Знаменитый софист и сатирик, Лукиан происходил из города Самосаты, расположенного на Евфрате в Коммагене. Время его жизни определяется приблизительно как 120 — после 180 г. н.э. Получив хорошее образование в Афинах, Лукиан много путешествовал по миру (Греция, Италия, Галлия). Одно время Лукиан служил секретарем в канцелярии римского наместника в Египте. Под именем Лукиана до нас дошло ок. 70 произведений, среди которых есть и подложные. В своих произведениях, написанных в рамках идеологии и выразительных средств второй софистики, Лукиан обсуждает — часто в сатирическом духе — многие мифологические, исторические, политические, философские и моральные вопросы, актуальные для его времени. Многие сочинения написаны в форме сократического диалога, в котором перемешаны комедийные и морализаторские мотивы.

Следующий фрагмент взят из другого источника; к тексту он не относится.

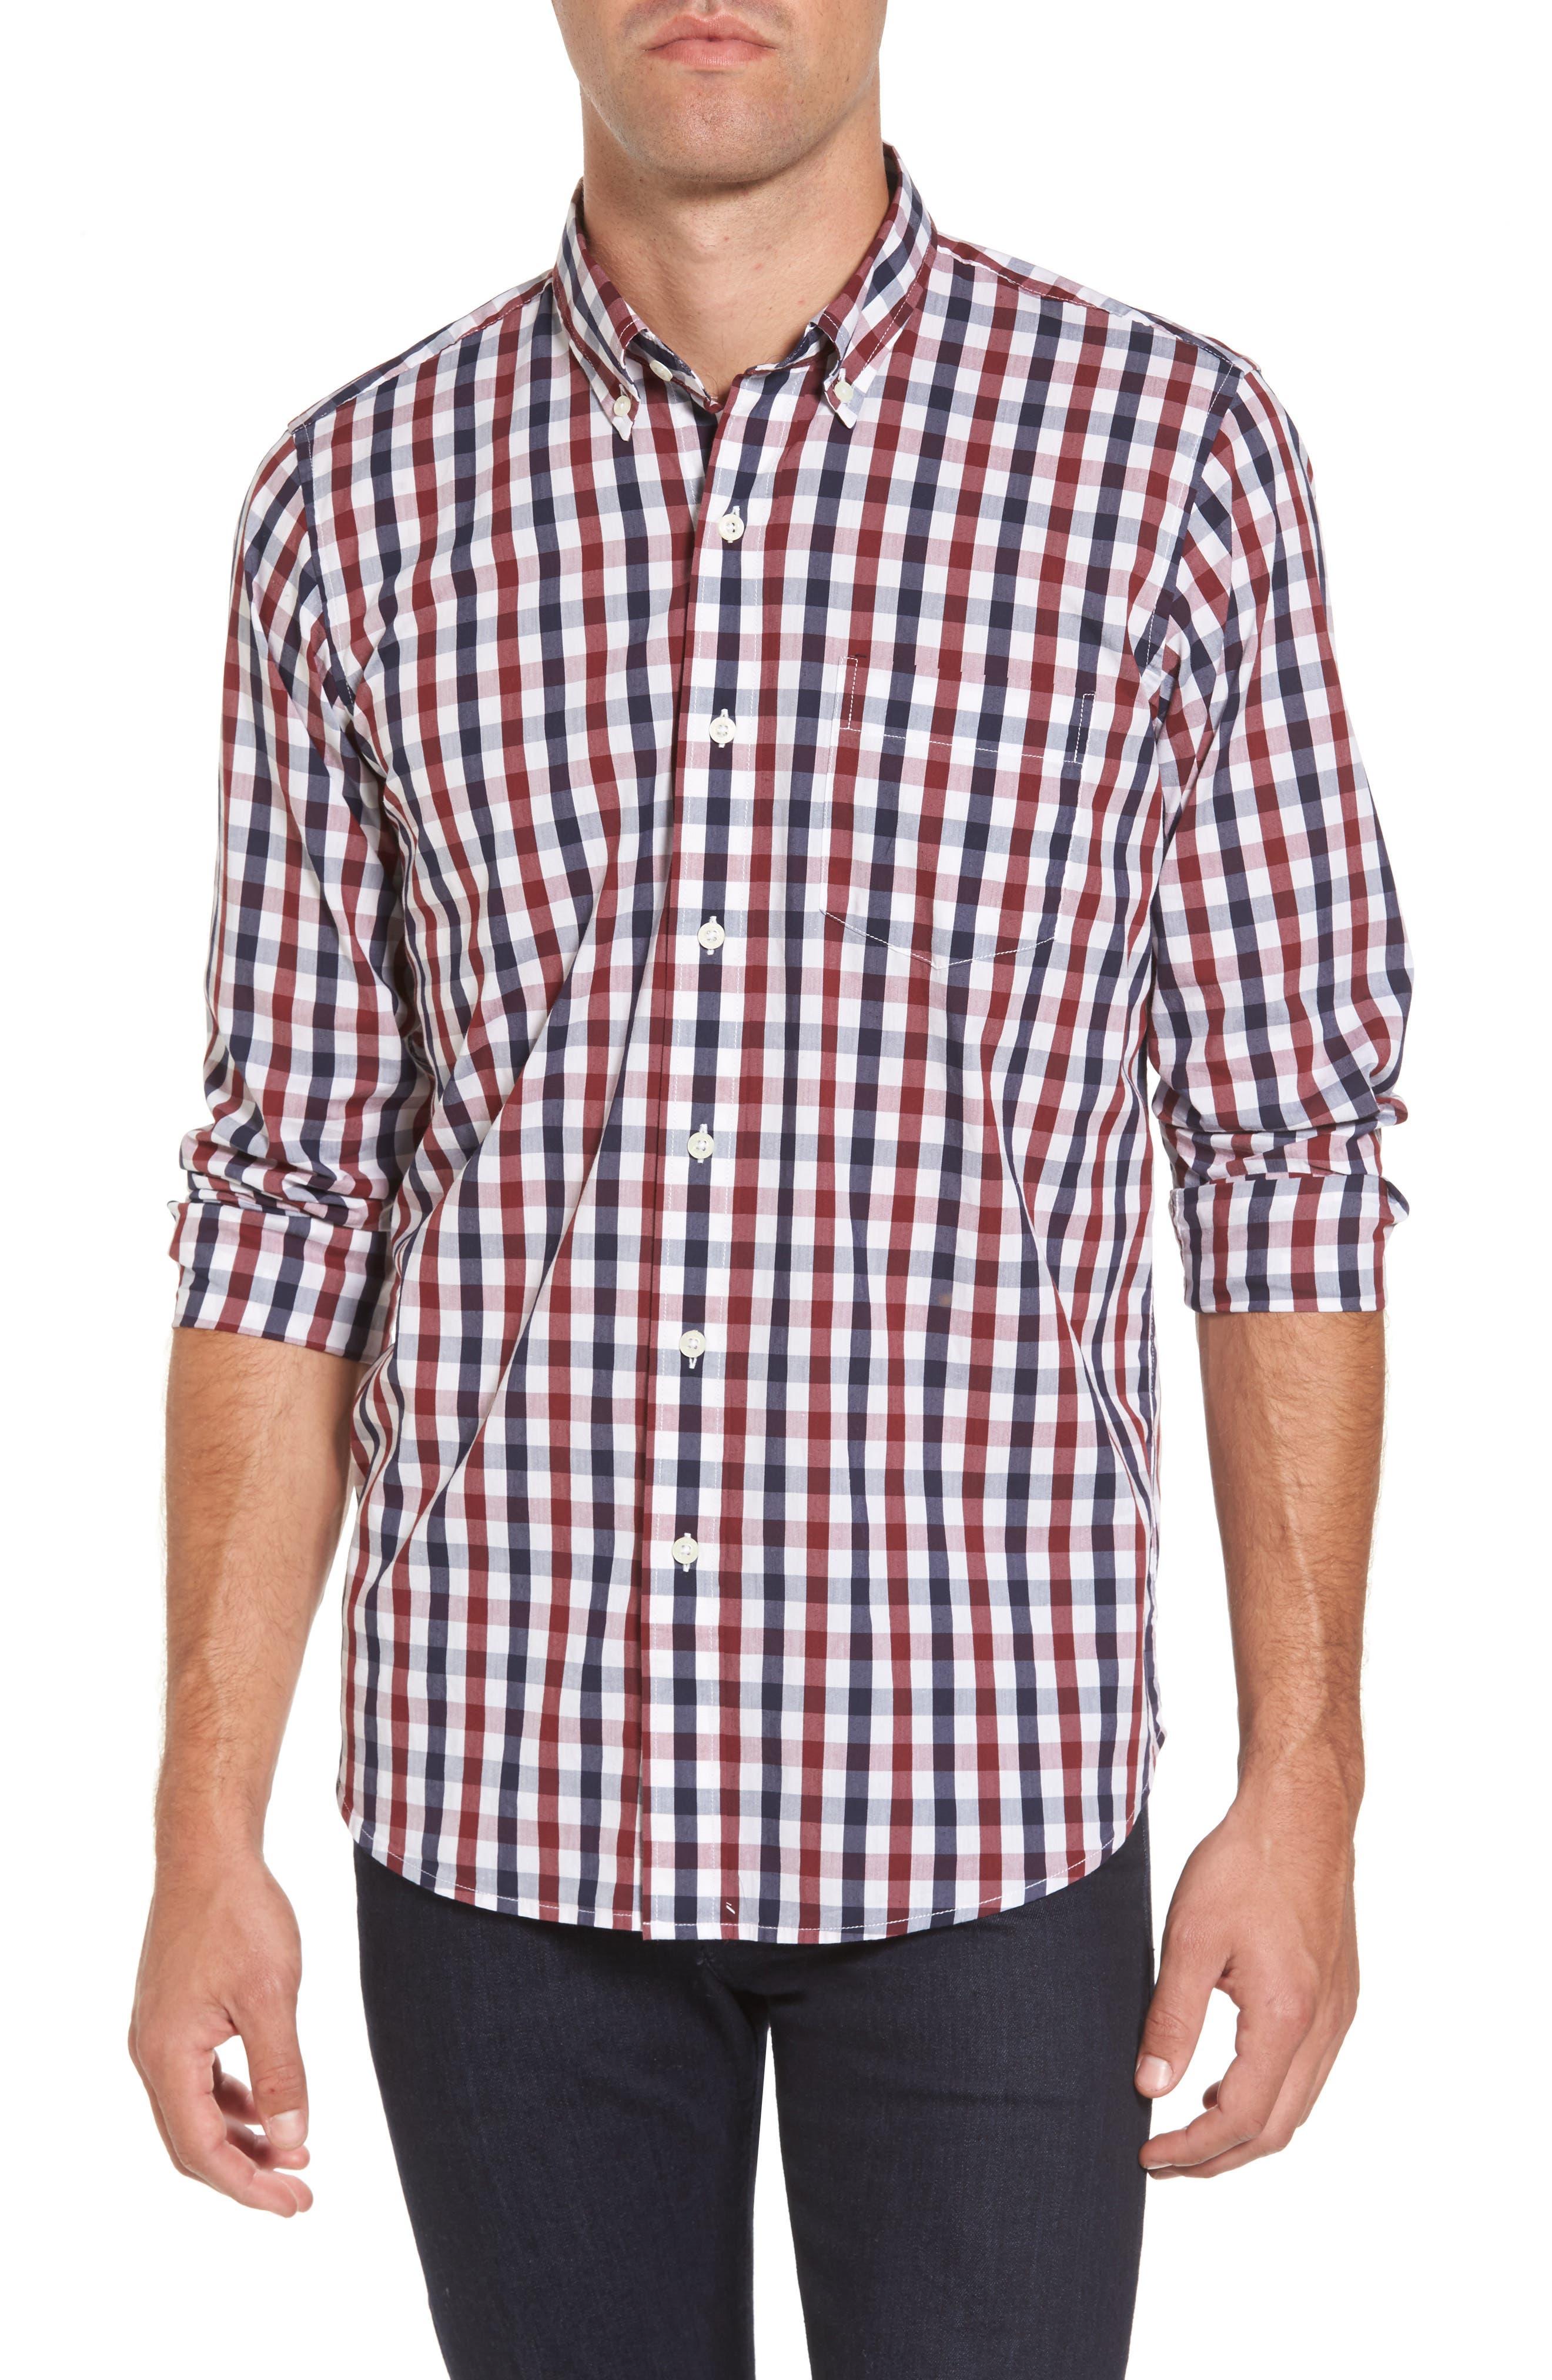 Alternate Image 1 Selected - Tailor Vintage Regular Fit Performance Sport Shirt

Для истории Северного Причерноморья особый интерес представляет его диалог "Токсарис, или дружба", в котором вымышленные персонажи — грек и скиф — рассуждают о понятии дружбы в представлении греков и скифов. Примеры верной дружбы, приводимые скифом, расцвечены скифско-боспорскими "реалиями", многие из которых, несомненно, вьщуманы автором и сближают его повествование с греческим романом. Тем не менее историки видят во многих именах и подробностях скифского быта детали, которые были почерпнуты Лукианом из неизвестных нам литературных источников, в частности, из так называемого "романа о Каллигоне" первых веков н.э., дошедшего в папирусных фрагментах.
Издания: Luciani Samosatensis opera / Ex rec. С. Jacobitz. Bd. 1-3. Lipsiae, 1867-1872 (репринт: Hildesheim 1966); Luciani Opera / Ed. N. №1ёп. 1-2. Lipsiae, 1906-1923; Lucian / Ed. by A.M. Harmon, K. Kilburn and M.D. MacLeod. Vol. I-VIII. Harvard, 1913-1967; Lucian / Ed. by M.D. MacLeod. 4 vols. Oxford, 1972-1987.

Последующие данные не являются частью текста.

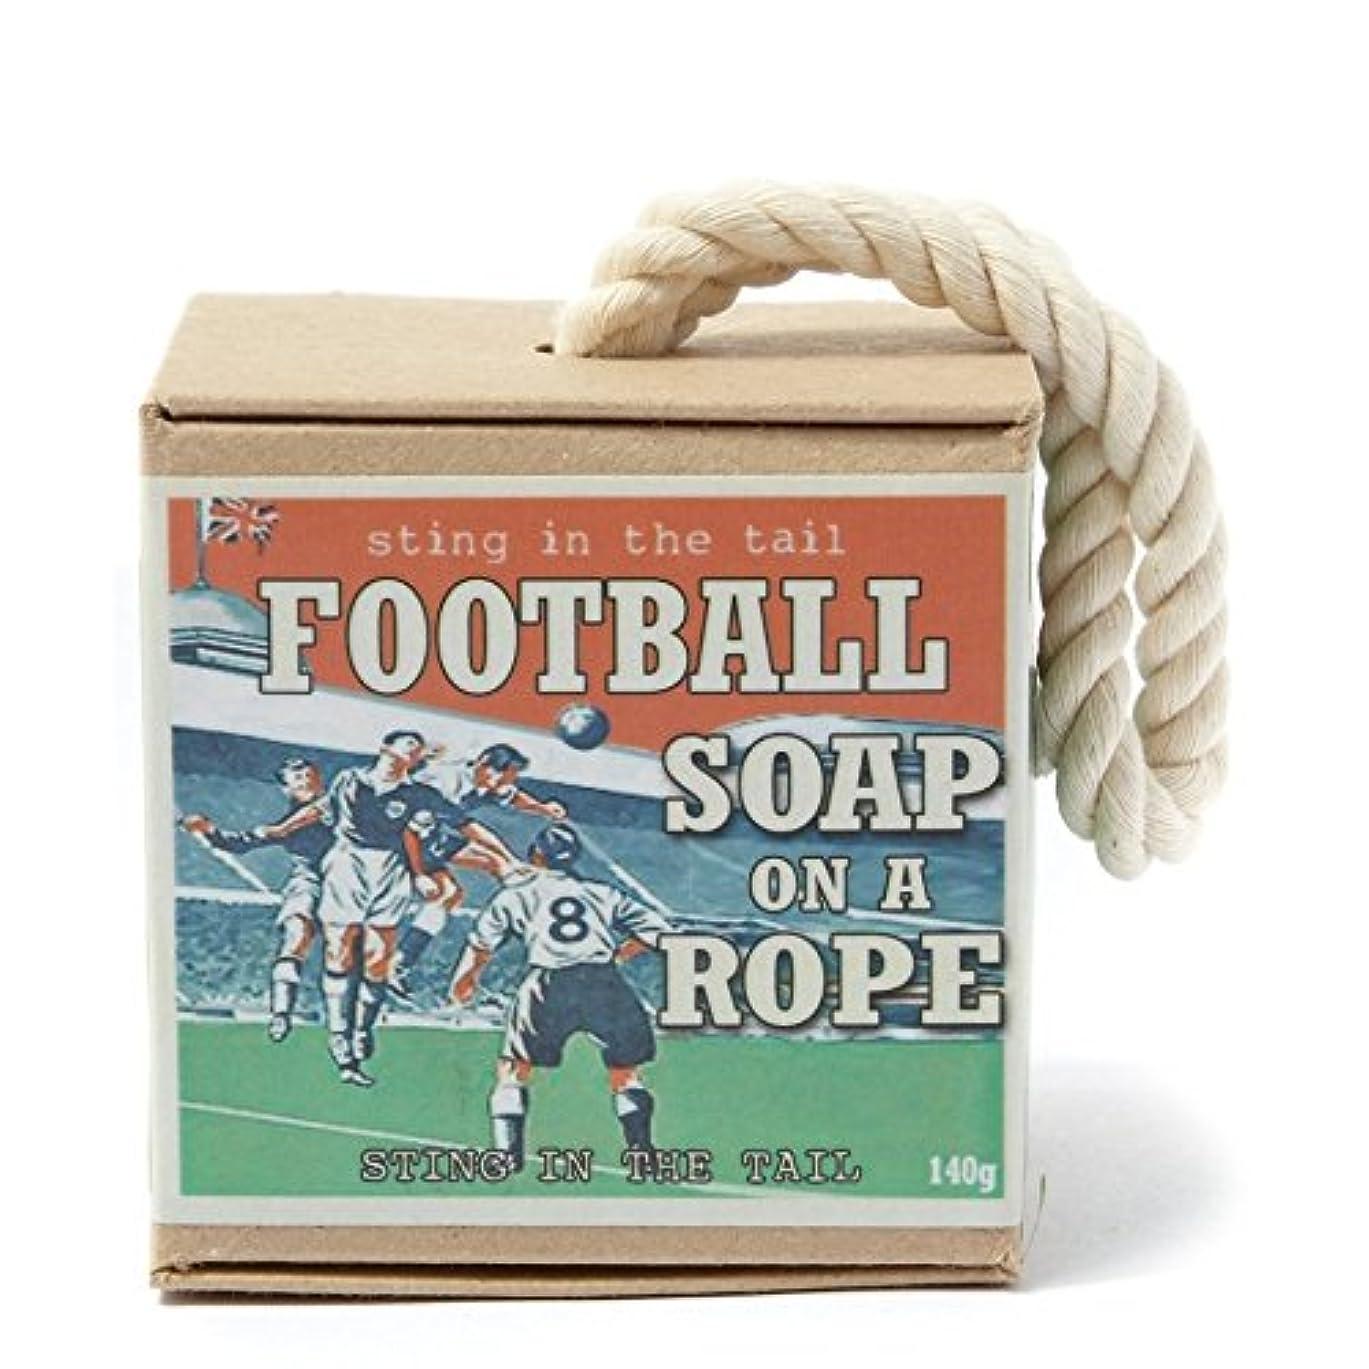 予防接種上下するマーケティングSting In The Tail Football on a Rope Soap (Pack of 6) - ロープ石鹸のテールサッカーで刺します x6 [並行輸入品]

Переводы: Лукиан. Собрание сочинений в двух томах / Под ред. Б.Л. Богаевского. Т. 1-2. М.; Д., 1935; Лукиан из Самосаты. Избранное. М., 1962; Лукиан. Избранное. Перевод с греческого. Проза и поэзия. М., 1996.

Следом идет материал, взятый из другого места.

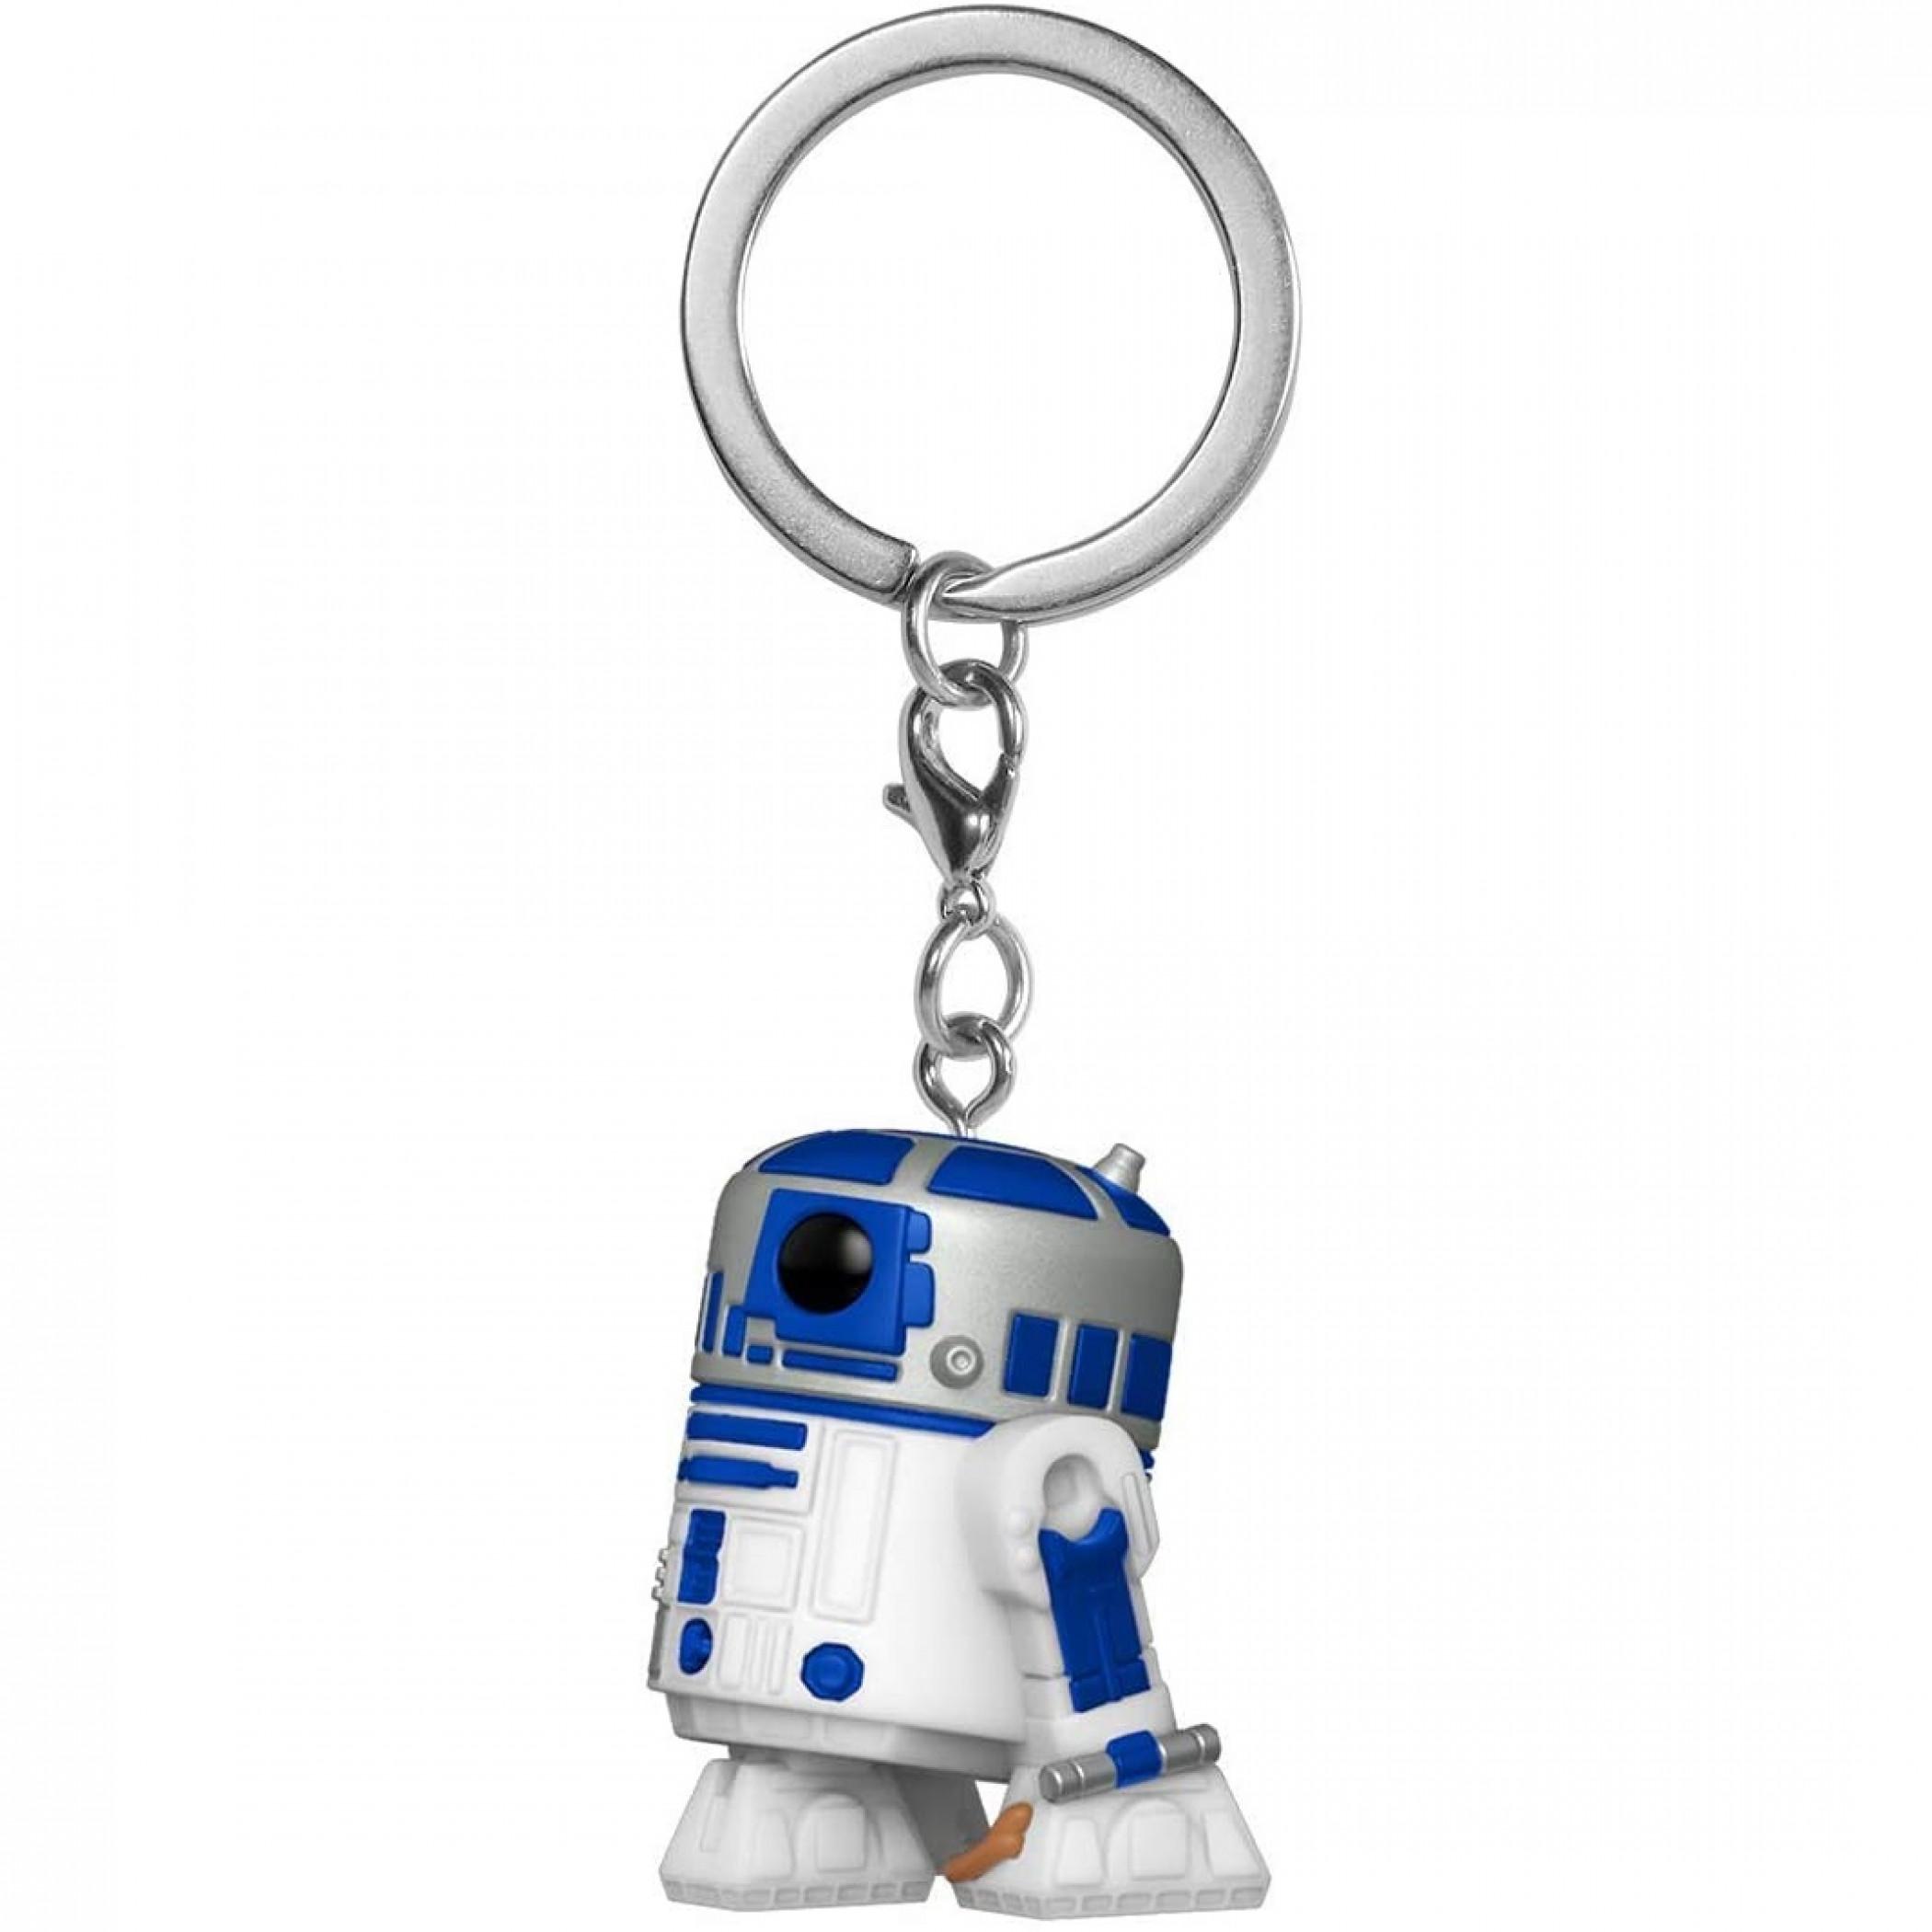 Star Wars Classics R2-D2 Funko Pop! Keychain

Литература: Богаевский 1915. С. VIII-XLIV; Лосев 1979. С. 191-280; Нахов 1991. С. 5-22; Ростовцев 1925. С. 106-107; Allington 1927; Bompaire 1958; Householder 1941; Jones 1986; Schmeja 1972; Schwartz 1965.
СКИФ, ИЛИ ГОСТЬ
1. Анахарсис[1] не первый прибыл из Скифии в Афины, руководимый желанием познакомиться с эллинской образованностью: раньше его прибыл Токсарис[2], муж мудрый, отличавшийся любовью к прекрасному и стремлением к благороднейшим знаниям, но происходивший не из царского рода и не из "колпаконосцев"[3], а из толпы простых скифов, каковы у них так называемые "восьминогие", т.е. владельцы пары быков и одной повозки. Этот Токсарис даже не возвратился в Скифию, а умер в Афинах и немного спустя даже был признан героем; афиняне приносят ему жертвы как иноземному Врачу[4]: это имя получил он, будучи признан героем. Быть может, не лишним будет объяснить причину этого наименования, а также включения в число героев и признания его за одного из Асклепиадов[5], чтобы вы узнали, что не одним скифам свойственно превращать людей в бессмертных и посылать к Замолксису[6], но что и афинянам можно обоготворять скифов в Элладе...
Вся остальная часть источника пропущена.